The Right Benefits Can Reinforce Engagement — No Matter Where Employees Are

Any remote work plan must start with an in-depth look at your employees’ needs. It’s important to consider how you will foster engagement and loyalty when there is less personal interaction between employees and their colleagues and managers. Undoubtedly, you’ll need to adopt new strategies to create a consistently positive virtual employee experience.

Personalized benefits offer one way to achieve this, and wellness pots are a good place to start. An alternative to the one-size-fits-all approach of traditional benefits, wellness pots grant employees supplemental funds specifically for wellness benefits, and employees can then choose how to spend those funds. This approach to benefits provides greater variety and choice, allowing employees to tailor their benefits experiences to their own needs and tastes.

(During these uncertain times, choice is more important than ever. If you do choose to implement wellness pots, consider allowing them to cover additional equipment needed for working and/or staying well from home. It will go a long way in making employees feel cared for.)

In offering personalized benefits, organizations clearly express how much they value their employees while also giving those employees the autonomy to select benefits that are personally valuable to them. Not only does this foster loyalty, but it can also improve benefits utilization — thereby strengthening the connection between an employee and their organization even further.

Organizations should also consider the power of universal leave policies which allow employees to take time off for whatever reason — weddings, helping a sick relative, helping a friend move, or even a simple vacation. Universal leave policies allow employees to control their paid time off, and that element of choice is a powerful engagement tool. furthermore, our own research found that more than 60 percent of HR decision-makers feel it is unfair that some employees receive fewer benefits than others due to their marital or parental status. A policy like universal leave can help remedy that disparity but ensuring that all employees receive the same level of benefits.

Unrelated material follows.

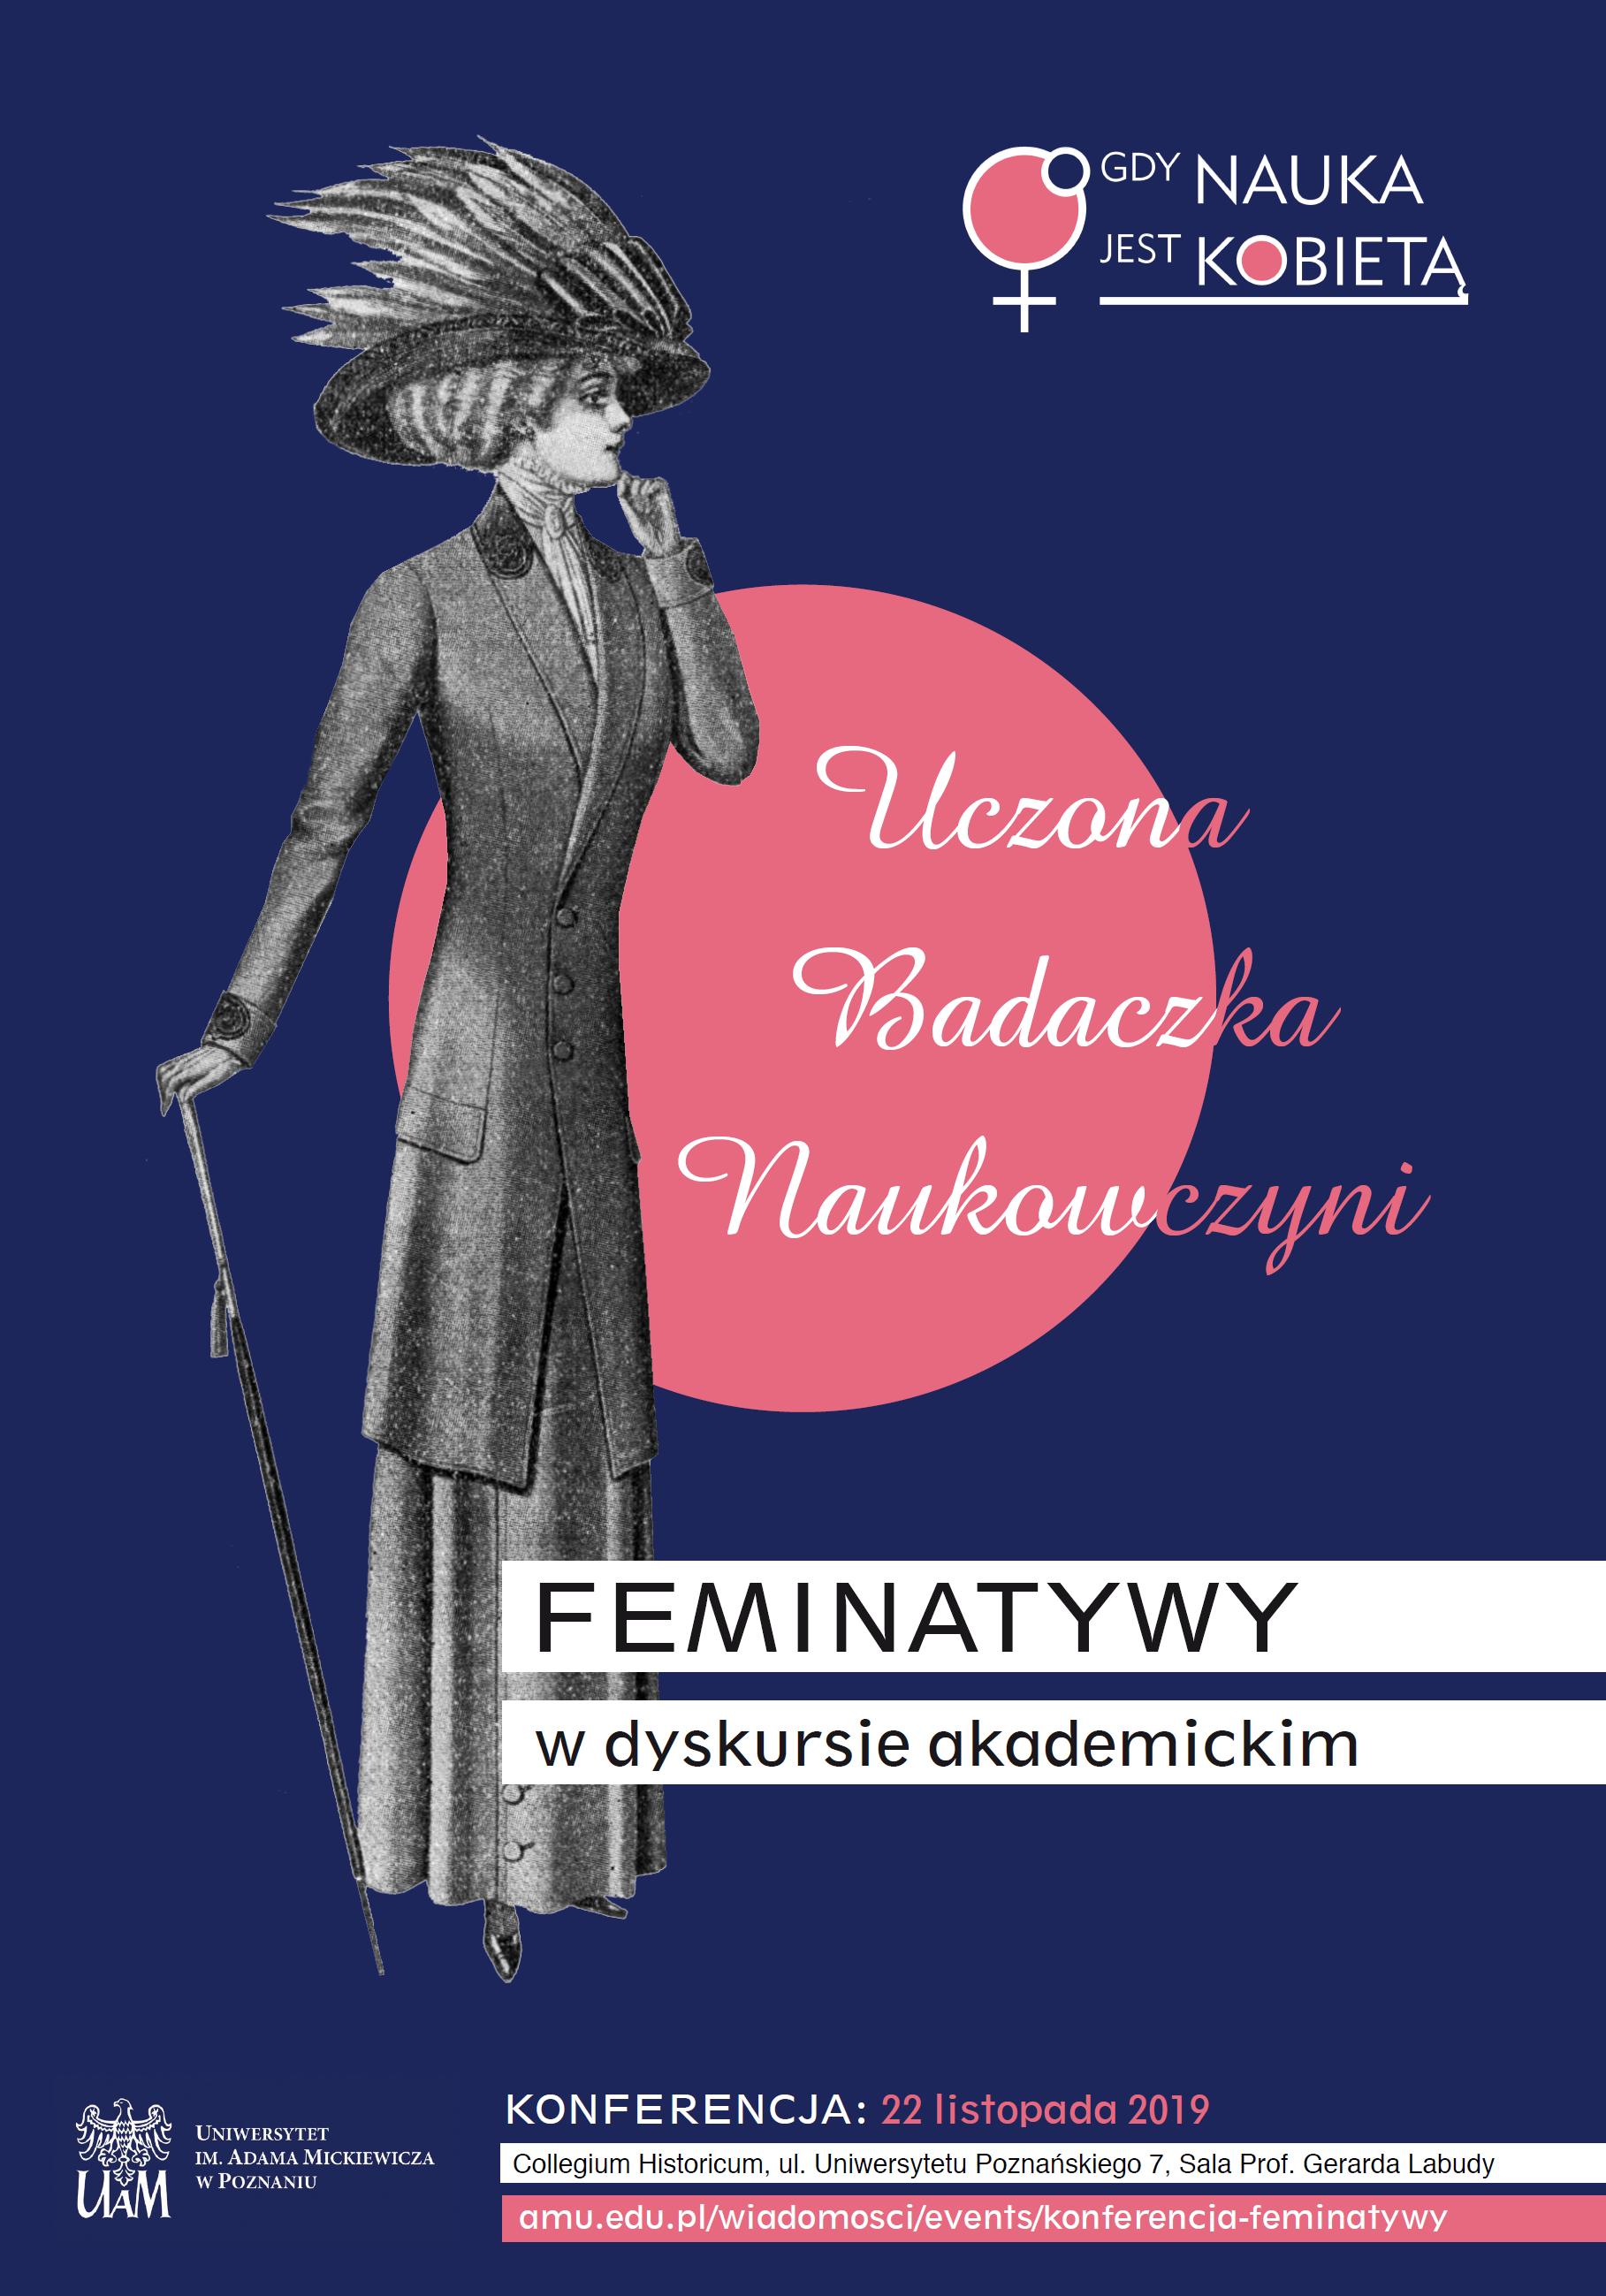 Plakat konferencji Feminatywy

Flexibility Is About More Than Just Where We Work

Employees will appreciate the flexibility to work from anywhere, but they’ll also appreciate flexibility in when they work. For example, parents might wish to start working a little later in order to get their kids ready in the morning. Some employees need to end the day earlier to care for a loved one, while others may need to structure their schedules around regular counseling sessions for their well-being.

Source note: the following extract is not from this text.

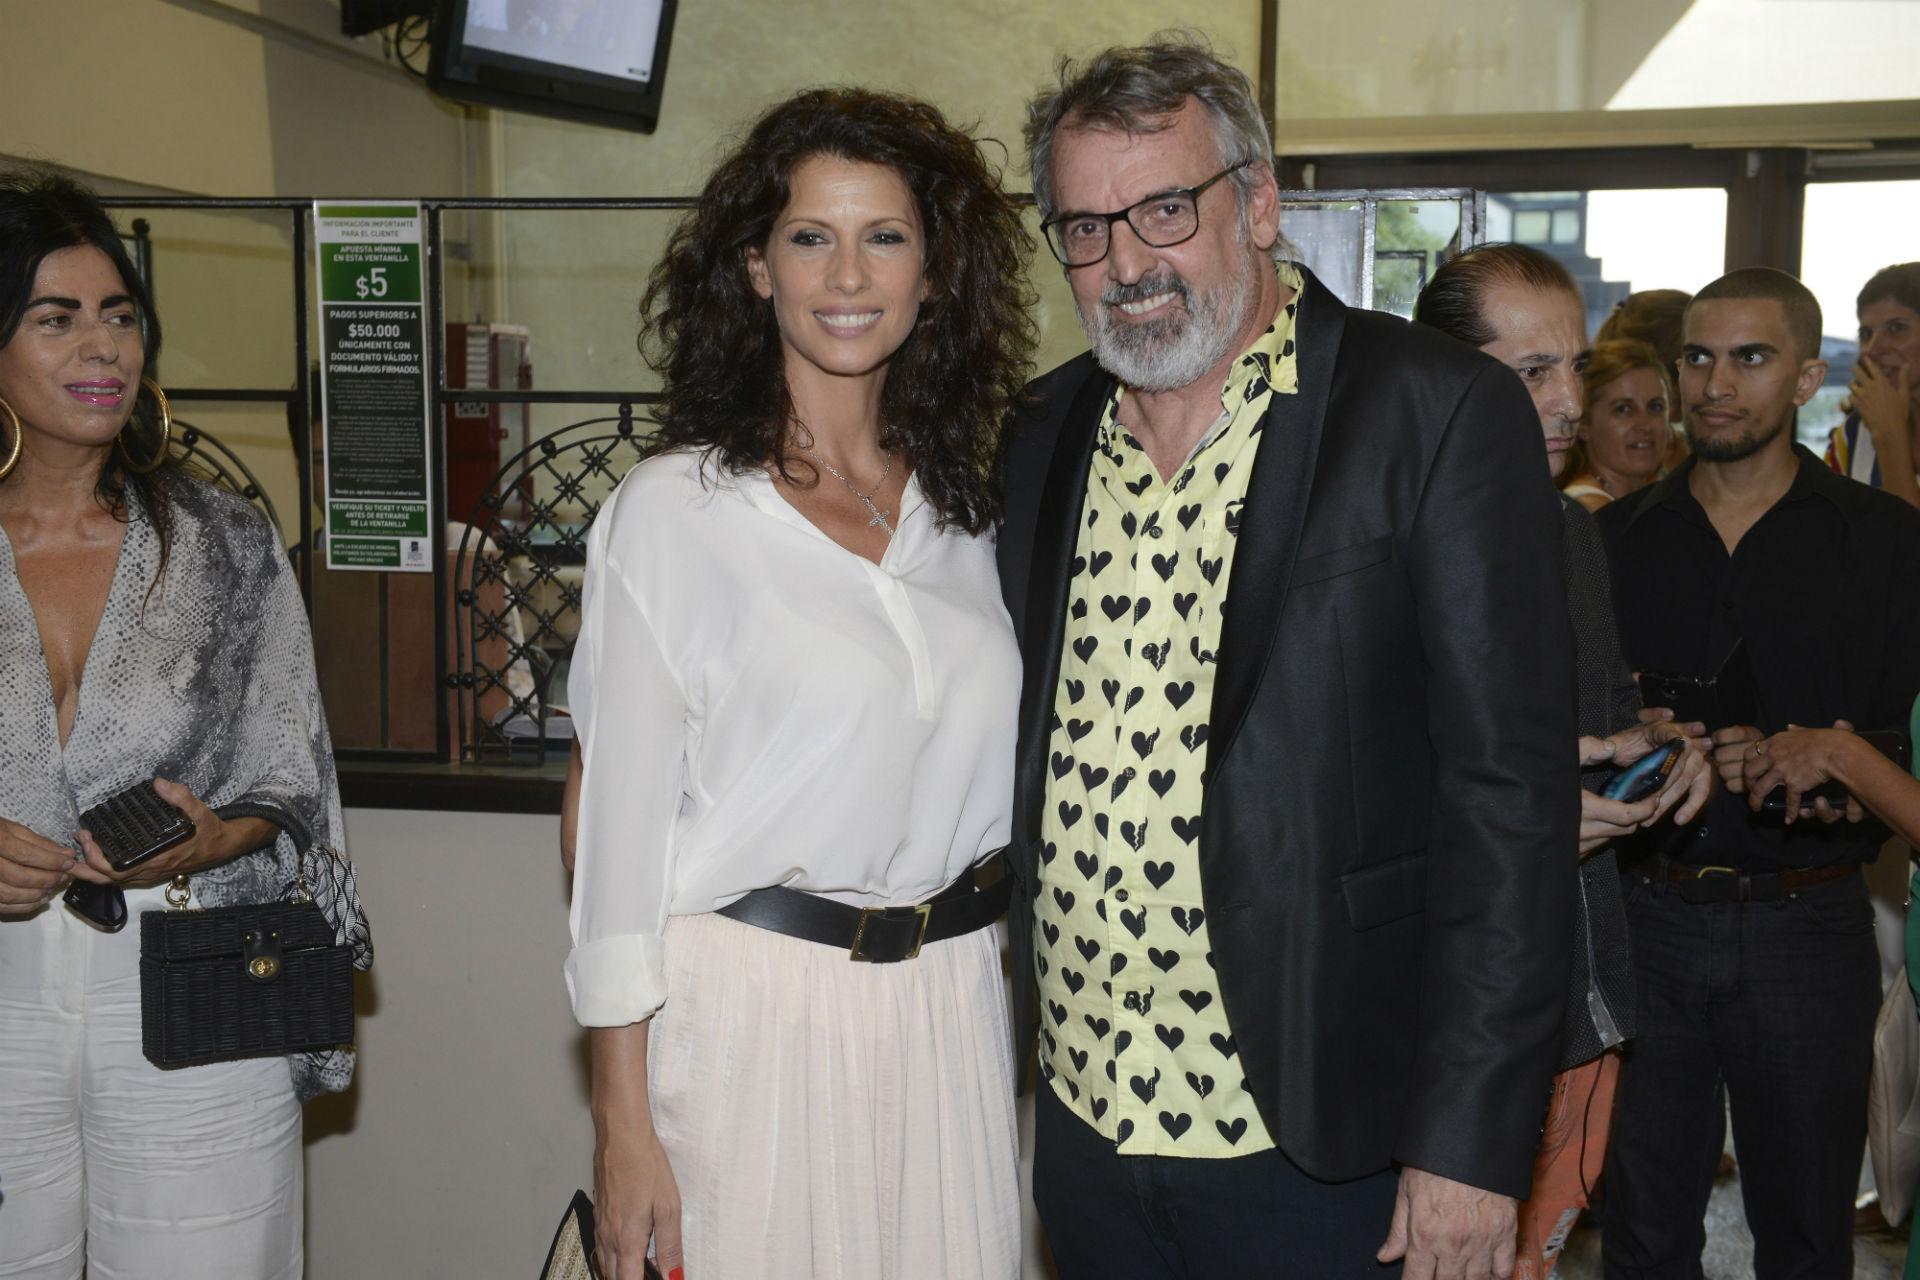 Analía Maiorana y Benito Fernández. (Foto Fabián Mattiazzi/GENTE)

There are plenty of reasons why employees are seeking flexibility of both time and place in their work, and employers should grant that flexibility whenever possible to whatever degree possible. Doing so only serves to strengthen the employee-employer relationship and increase morale and loyalty.

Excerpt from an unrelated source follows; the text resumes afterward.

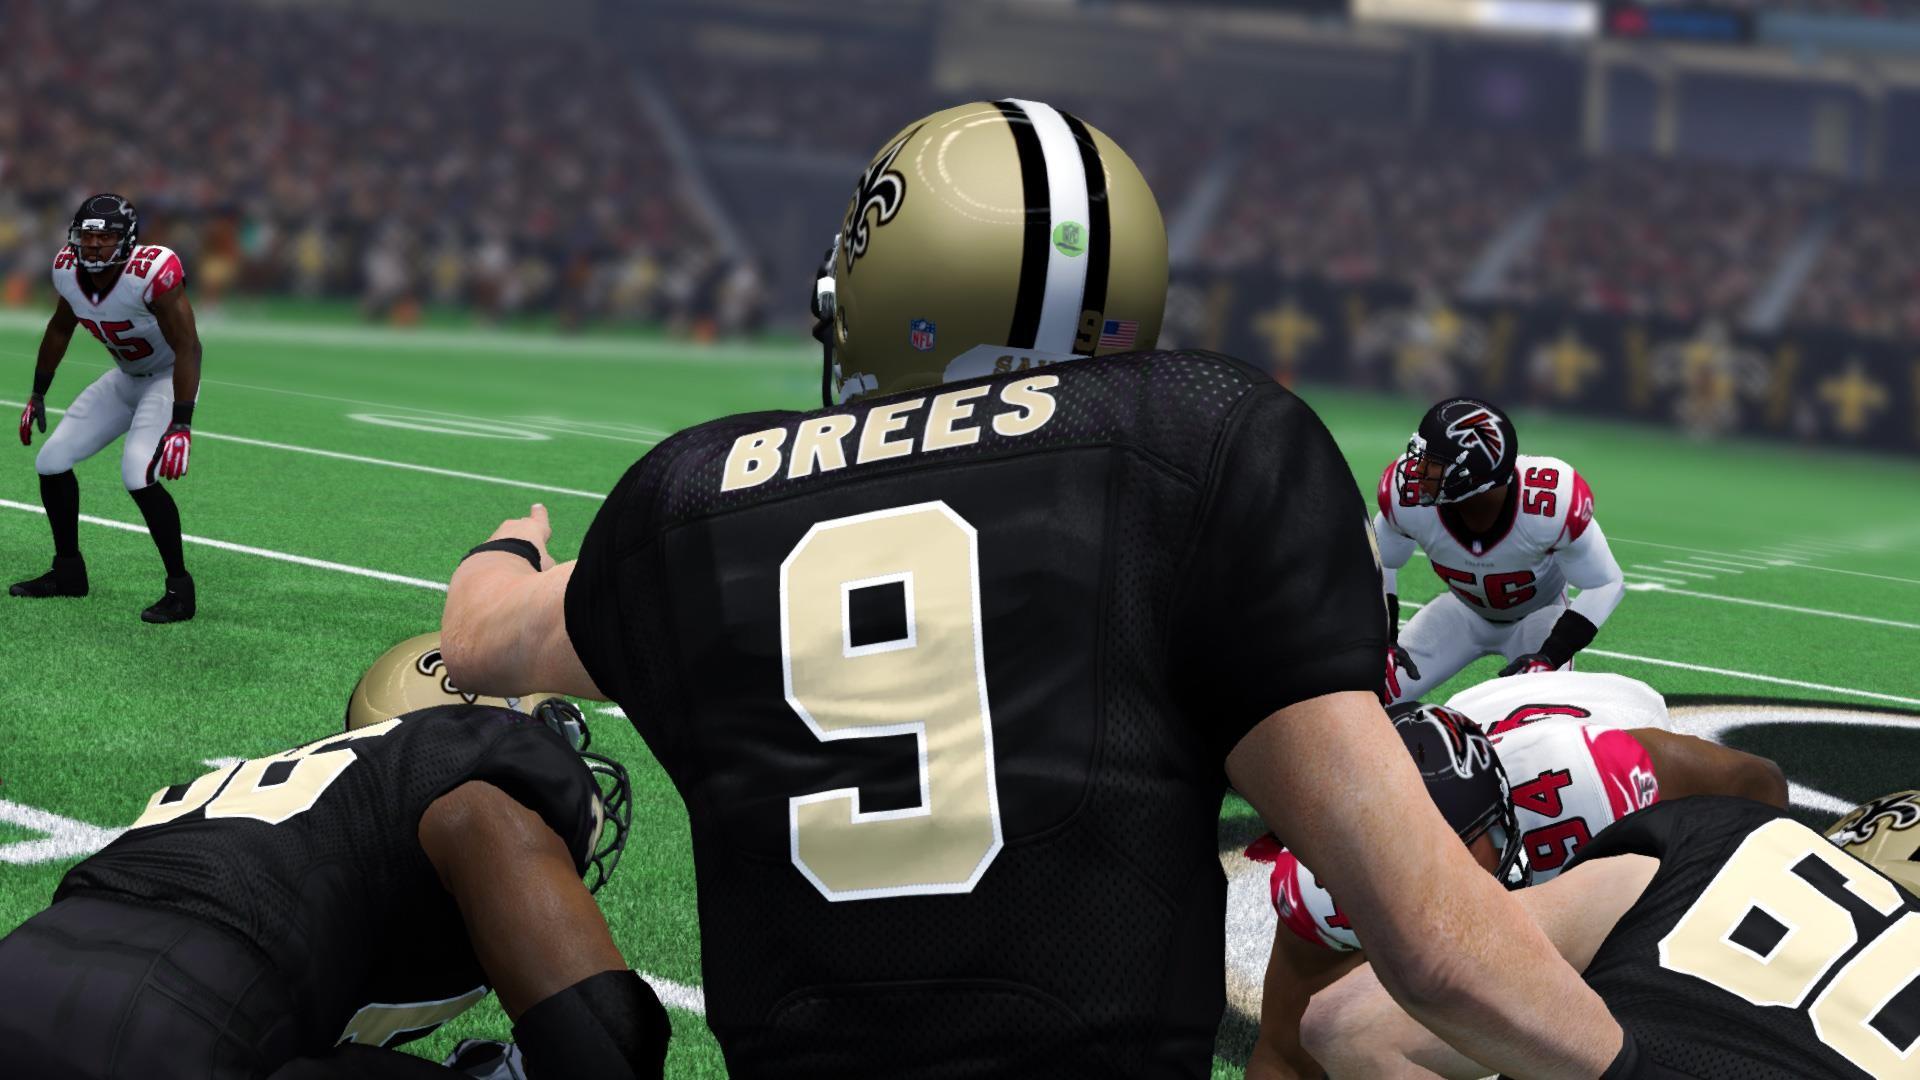 Drew Brees Legacy Award in Madden NFL 25

Remote Work Brings More Talent Through the Door

Supporting remote work is not only beneficial to your existing team members — it can also be a key differentiating factor for your company in the talent market. According to research from IWG, 80 percent of US workers would choose a job that offered flexibility over one that did not.

Remote work is the most popular of all flexible work options, according to a 2019 FlexJobs report. Furthermore, it is especially popular among rural workers, 32 percent of whom say they would take a 10-20 percent pay cut to work remotely. Companies that offer remote work have an advantage in tapping into this often underutilized segment of the workforce. Millennials are also particularly attracted to remote work options, and given that they make up the largest generational segment of the workforce, it would be wise to appeal to their preferences.

Employers will have to make a lot of choices as the world slowly settles into the new normal, but employees have made one thing clear: They want and value employers that provide flexible work options to support their individual lifestyles. By offering personalized benefits and flexible work arrangements that allow for a better work/life balance, an organization can further promote engagement and loyalty among existing workers while becoming an employer of choice in the wider talent market.

Chris Bruce is managing director and cofounder of Thomsons Online Benefits.